There are more than a few challenges in assembling a small team and beginning independent production of a passion project, however. With no publisher to look to for funding, money can be hard to come by. Montreal and other large cities in Quebec nevertheless attract many start-up companies because of their highly competitive tax program. In 1996, the provincial government launched a tax credit incentive for production of interactive digital media that can cover up to 37% of development costs. Initiated to encourage growth in the entertainment technology sector, the program is a godsend for small teams working full time.

Unfortunately, the government is beginning to cut back on the tax credits, threatening to disturb emerging and long-standing studios in Quebec. Not only are large companies shaken by the rise of operational costs, they're hesitant to make major investments. The Minister of Finance has been understanding in this regard, pledging to compensate Ubisoft Montreal as well as Warner Bros. Games for the reduction of tax credits due to a prior agreement. Other developers aren't so lucky: Montreal's second largest studio, Eidos Montreal, must completely revisit its financial forecast.

The tax credit cuts are worrisome, to be sure, but some argue that they are no longer necessary in the current economic climate. Guillaume Provost, head of indie studio Compulsion Games, points out that "tax credits were important 15 years ago to attract the industry to Montreal." As the game industry evolves at a dizzying speed, it's no wonder economic circumstances shift as well. Thankfully, Montreal has another redeeming quality that should keep developers from packing up: a palpable multiculturalism makes for an unrivaled breadth of creative diversity. Stéphane D'Astous, former general manager at Eidos, appreciates Montreal because it has the privilege of not making Europeans feel like strangers while simultaneously conforming to the "fast-paced business style of North America." This combination makes the city especially appealing to foreign developers, D'Astous explains.

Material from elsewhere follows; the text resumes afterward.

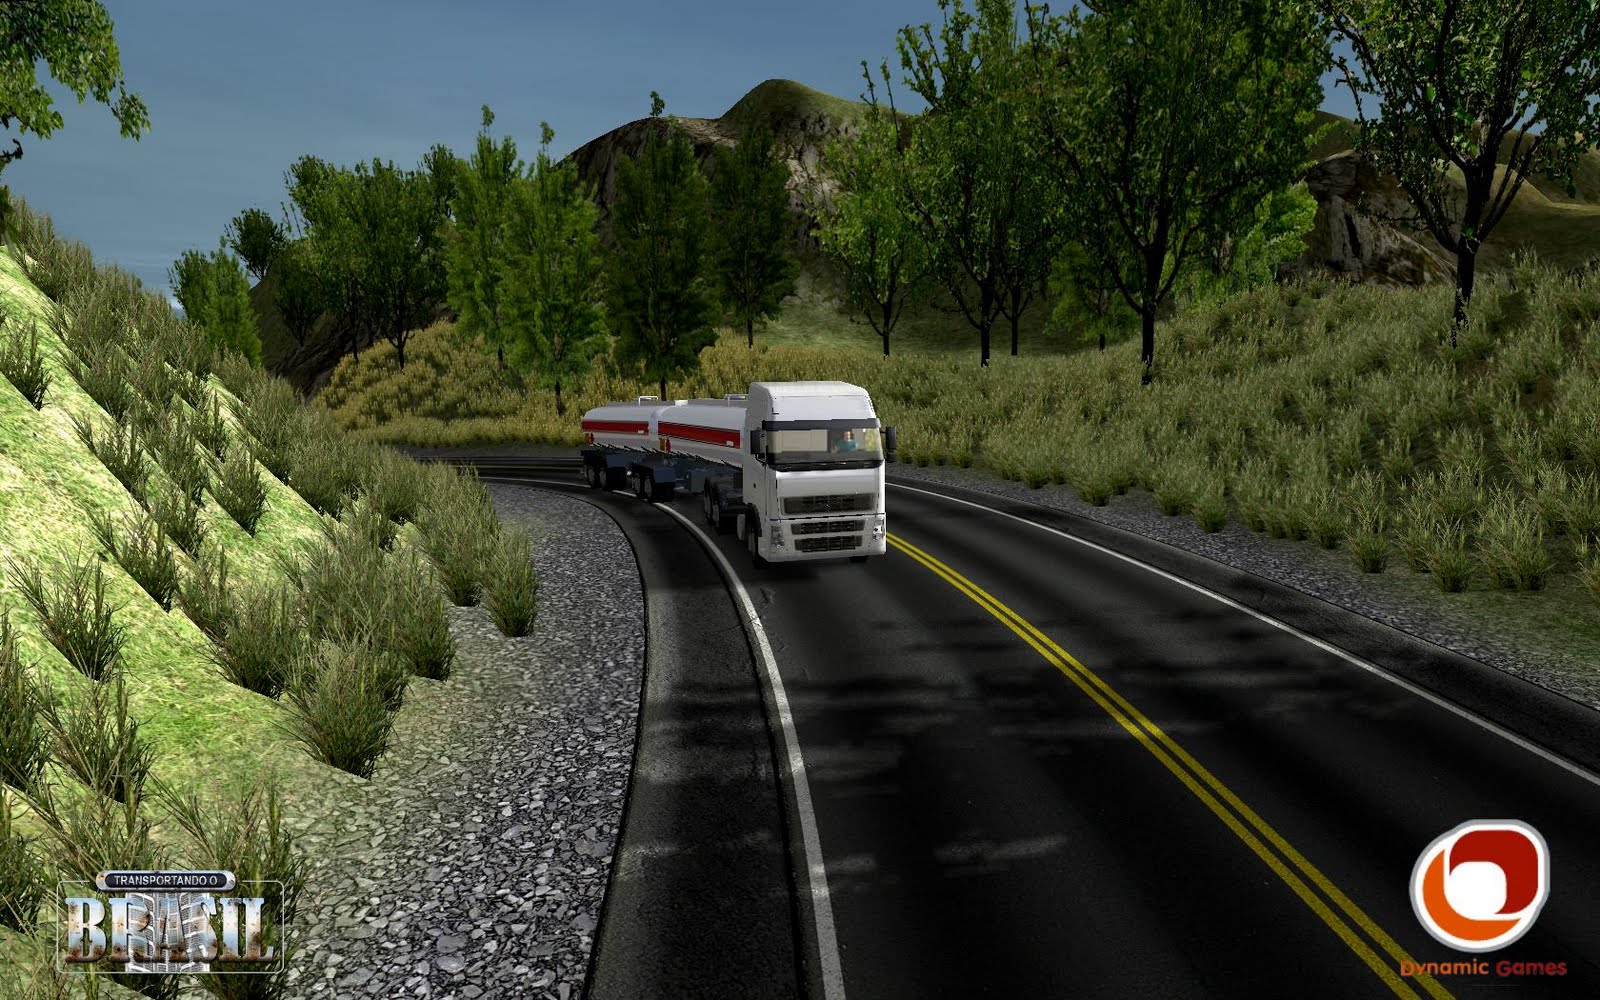 Brasil caminhôes : Simulador de caminhão 100% brasileiro é lançado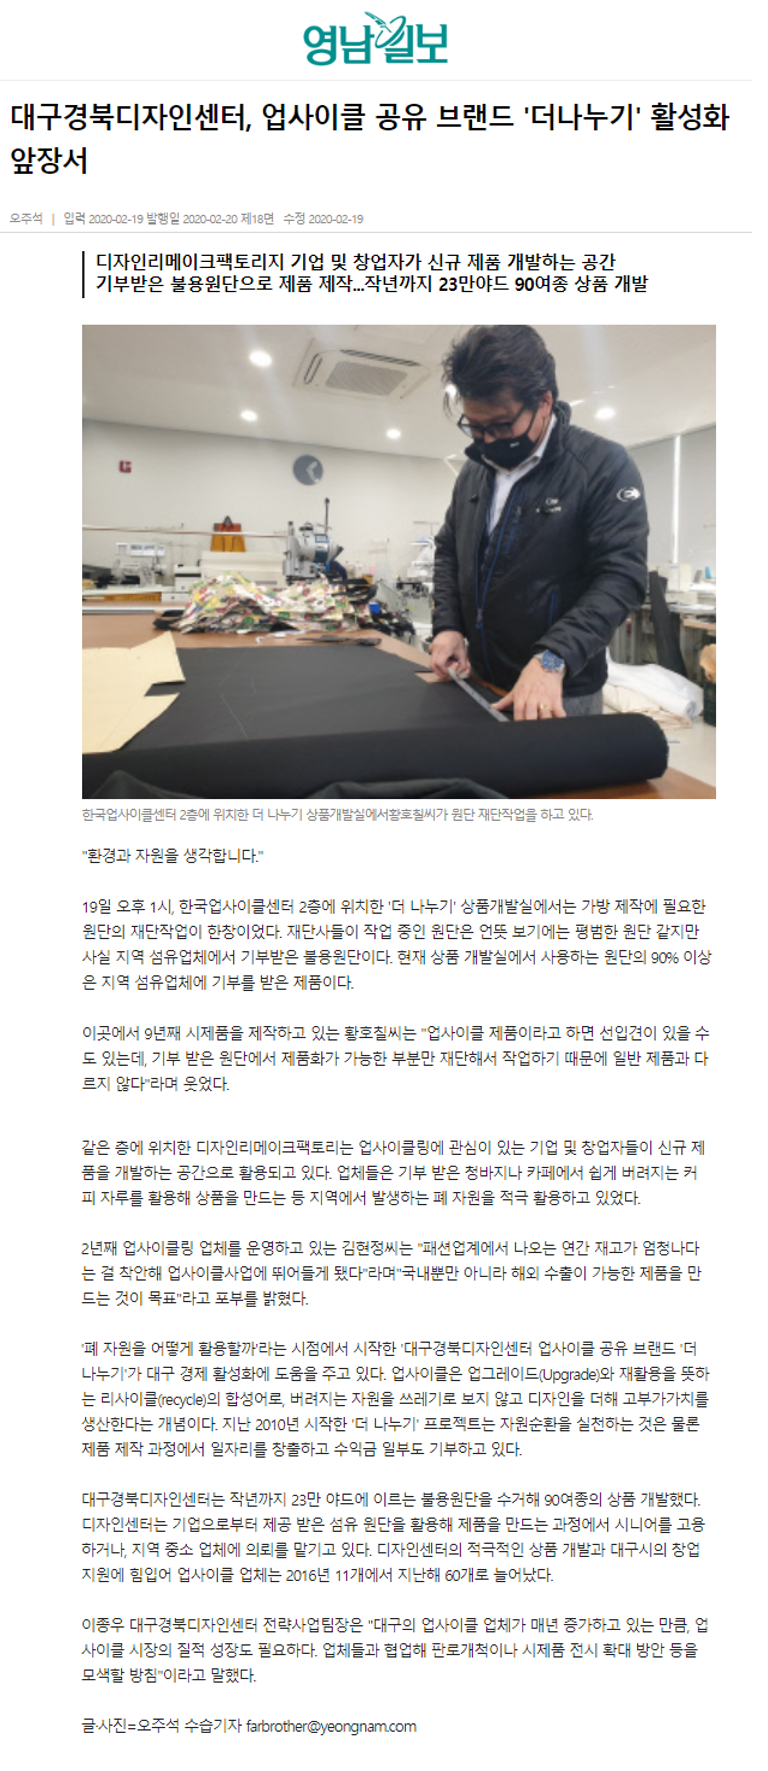 200220_(영남일보)대구경북디자인센터, 업사이클 공유 브랜드 '더나누기' 활성화 앞장서.png

With so many passionate developers and players, it's no wonder Montreal has a few gaming celebrations of its own. Montreal Joue, which comprises over 300 activities spanning over two weeks, is one of the most well-known. Around spring break, select game studios hold open houses and others invite interested students or developers-to-be for information sessions. Child-friendly live-action role-playing (LARPing) activities are planned all over the city, where players can fight it with styrofoam weapons while pretending to be famous characters. Many Montrealers also dress up to attend ComicCon, an annual convention where video games, comic books, and other pop culture products take centre stage.

All in all, Montreal is a first-rate place to be to make games. Capable students come out of school excited to join large or small development teams, studios of all sizes can get government funding, and the city is a great fit for new Canadian residents. Plus, being based in Montreal ensures developers that they are in great proximity to everything game-related. Factor in the ripple effect of having more and more studios put down roots in Montreal, and it's hard to ask for a better milieu to bask in the greatness of video games.


Nice, very informative article! It covers a lot of information without being overwhelming. I'll definitely keep it around for reference.

I've always found it great that such a reputable game developer is based in Montreal. I also like the way you made Stéphane D'Astous's mugshot only take up half the page; my only suggestion is to add captions to the image, as well as to the other two images.